Besides, there are other labourers engaged in the transport and packaging sectors. The majority of workforce in the textile industry are migrants from Uttar Pradesh, Bihar, Orissa, Andhra Pradesh, Maharashtra, Rajasthan, etc.
Anil Patel, a powerloom factory owner in Govindnagar area, has 24 power loom machine setup. Earlier, there were 16 workers working in his firm, but now he has nine. The rest were asked to leave, given the liquidity crunch in the market.
Patel told The Indian Express, “Due to demonetisation, the condition of workers and factory owners are the same. At present, we are running only day shifts (7 am to 7 pm), while night shift is closed. I have only retained those workers whose service period is seven years or more. Those who worked for less than that have been asked to quit. We are facing cash crunch and there is no demand of grey cloth in the market. We have made two day shifts each of six hours and have adjusted all the nine workers in it. We also feel sorry for the laid-off workers, but what can be done? We are facing liquidity problem and cannot encash much from the banks.”
Kaisarali Peerzada, a powerloom owner, said, “We have little cash in change with us which we got after standing in long queues. In the powerloom industry, salaries are paid twice – on the seventh and 25th of every month. The workers had taken salary till Diwali and gone to their native places and have now returned with little cash. We are also worried as the month draws to an end. We have assured workers that something would be done. The workers are taking Rs 100 -200 daily from us for their expenses.”
Federation of South Gujarat Textile Processing Association president Jitu Vakhariya said, “We are somehow surviving. The textile processing units consist of dyeing, printing and parcel departments. We are controlling the production and the units are surviving with old job works. The unit remains open for four days in a week these days. The workers’ strength has been reduced as only few machines are operational. We don’t get orders from the textile traders.” He reiterates that the production has gone down by about 70 per cent in the wake of the cash crunch.
There is no demand of cloth by textile traders. An average textile processing house employs a work
force of around 700 to 800 workers. The processing houses started after November 9, following Dev
Diwali, after the Diwali vacations, on October 30.
Says Vakhariya, “The owner keeps some cash on hand to overcome daily expenses, like machine repairs,
and the purchase of raw materials. But now we are not getting enough money from the bank. The labour contractors are supporting us a lot and we have promised them that we will pay them when things get better. However, now workers’ wages have also gone down due to the shutdown.”

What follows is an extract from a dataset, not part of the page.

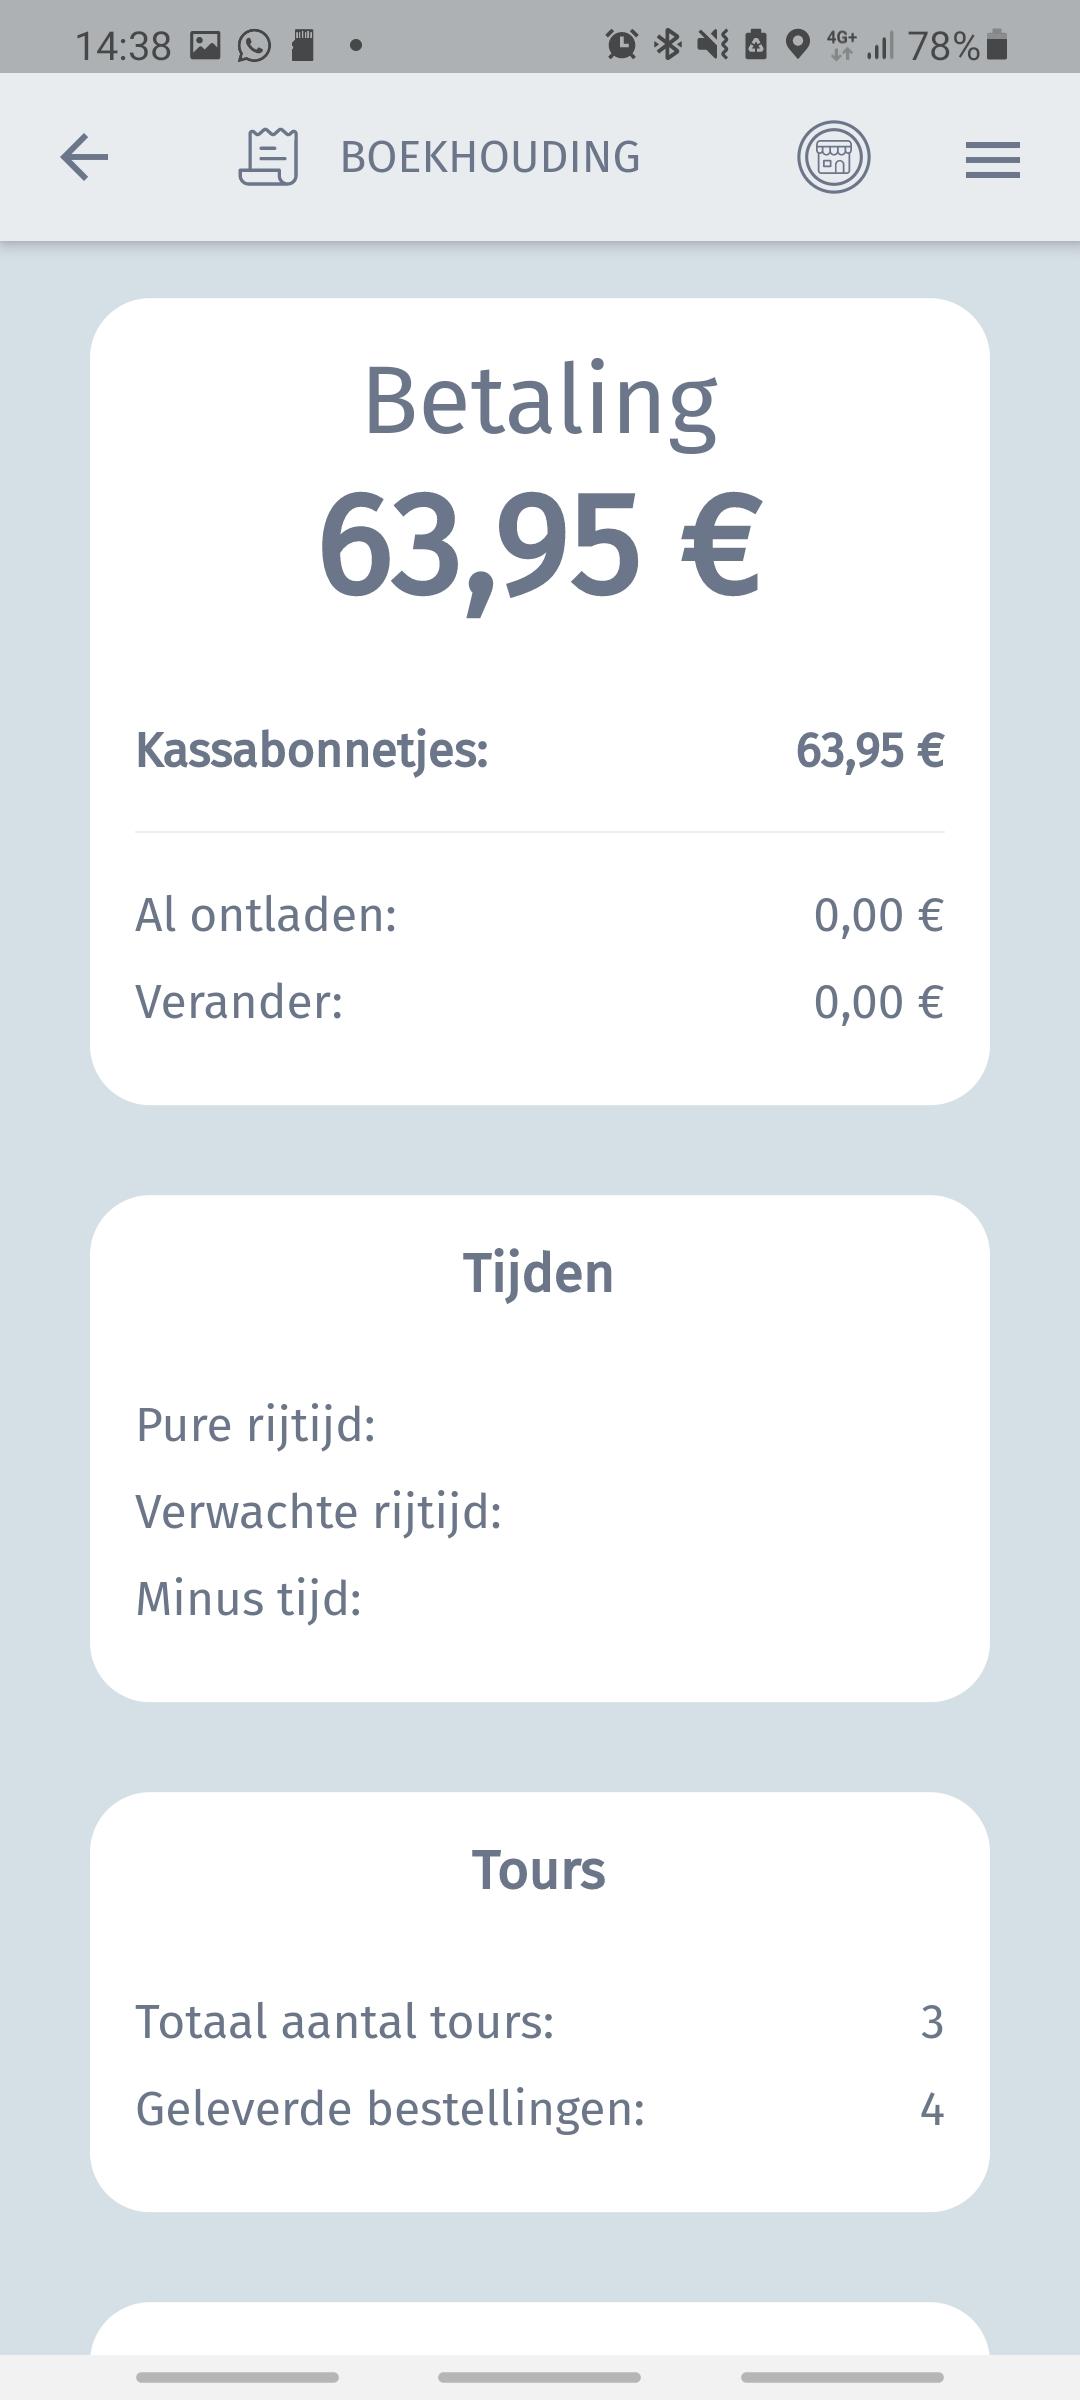 Betalingen - een overzicht van contant geld
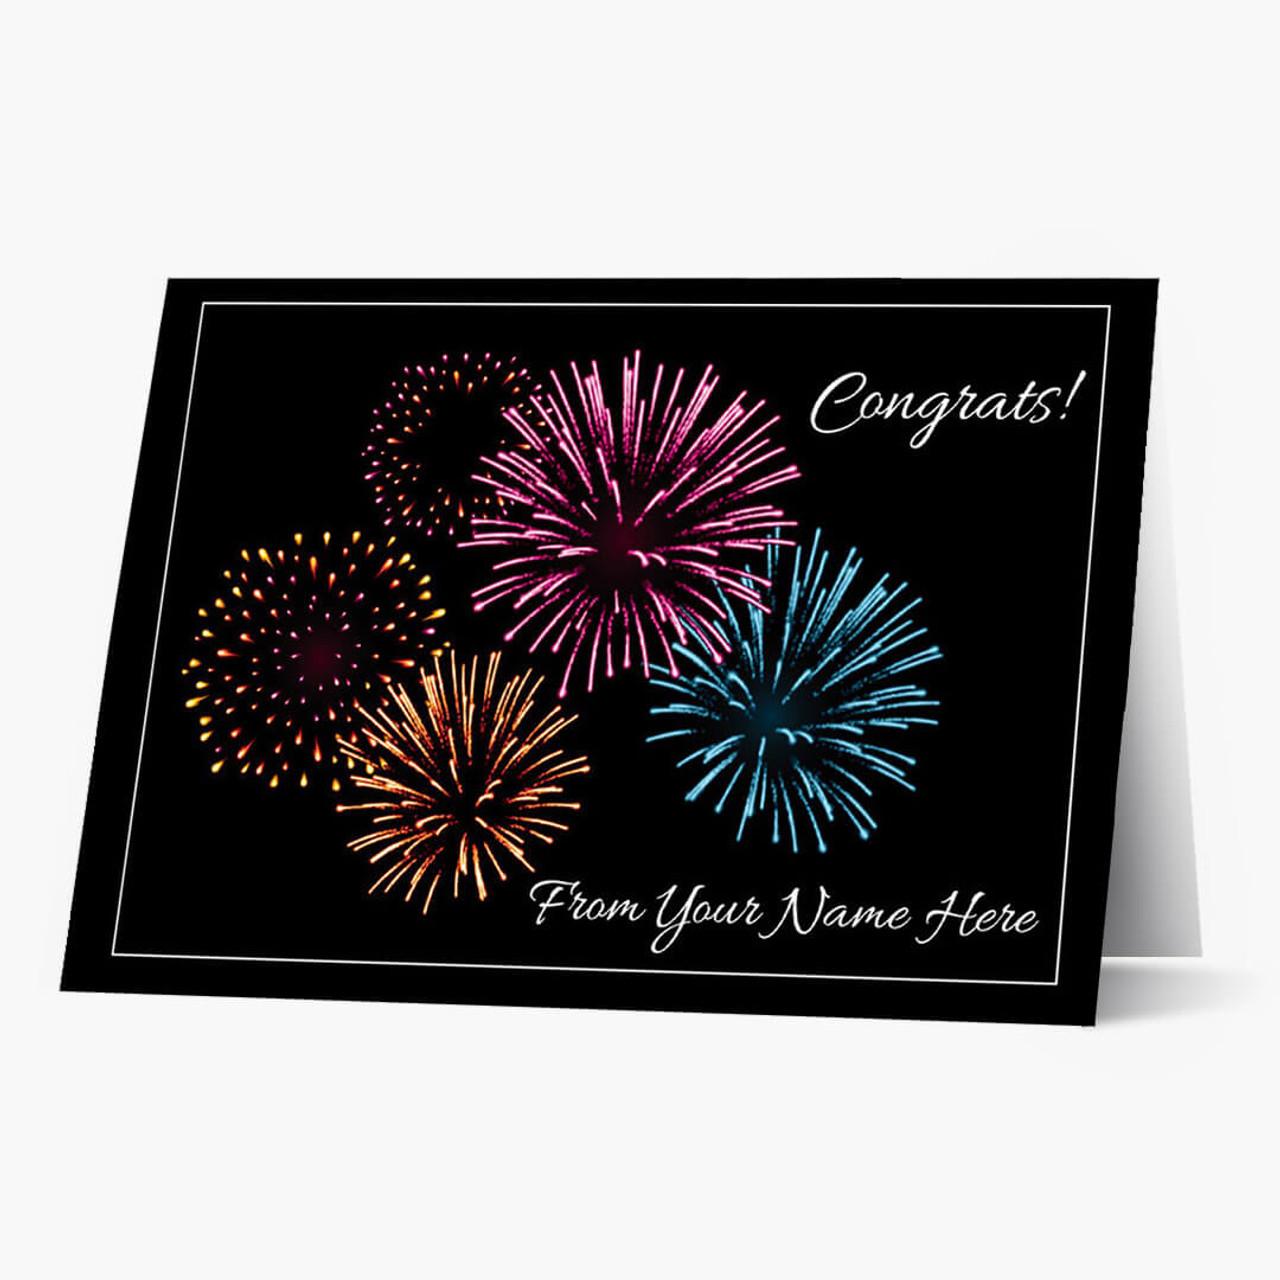 Explosive Congrats Card

Baijnath Pandey, a textile processing (dyeing and printing) worker, works in the printing department in a processing unit. From UP, he shares a room in Surat with other migrant workers. He returned from his native place after the factory reopened on November 10, but was asked to go back. “I and a few others have been refused work by the labour contractor. I have just returned from my native place and I don’t have cash. I searched for the job, but nobody wants to hire at this point. I have my meals at a hotel where I have a credit account and I have told him that I will repay it as the money comes. I have decided to go back home and come back when things get better. There is no way out for survival in Surat,” says Pandey.
Federation of Surat Textile Traders Association President Sanjay Agrawal says, “We were hoping to get good business in November and December, during Pongal and the marriage season. Due to cash crunch, people are not ready to spend money on clothes.”
The textile goods transporters in the city share the same fate. They carry hundreds and thousands of parcels in the trucks and deliver them to other states. The textile goods transport sector is also badly affected as majority of trucks are not plying.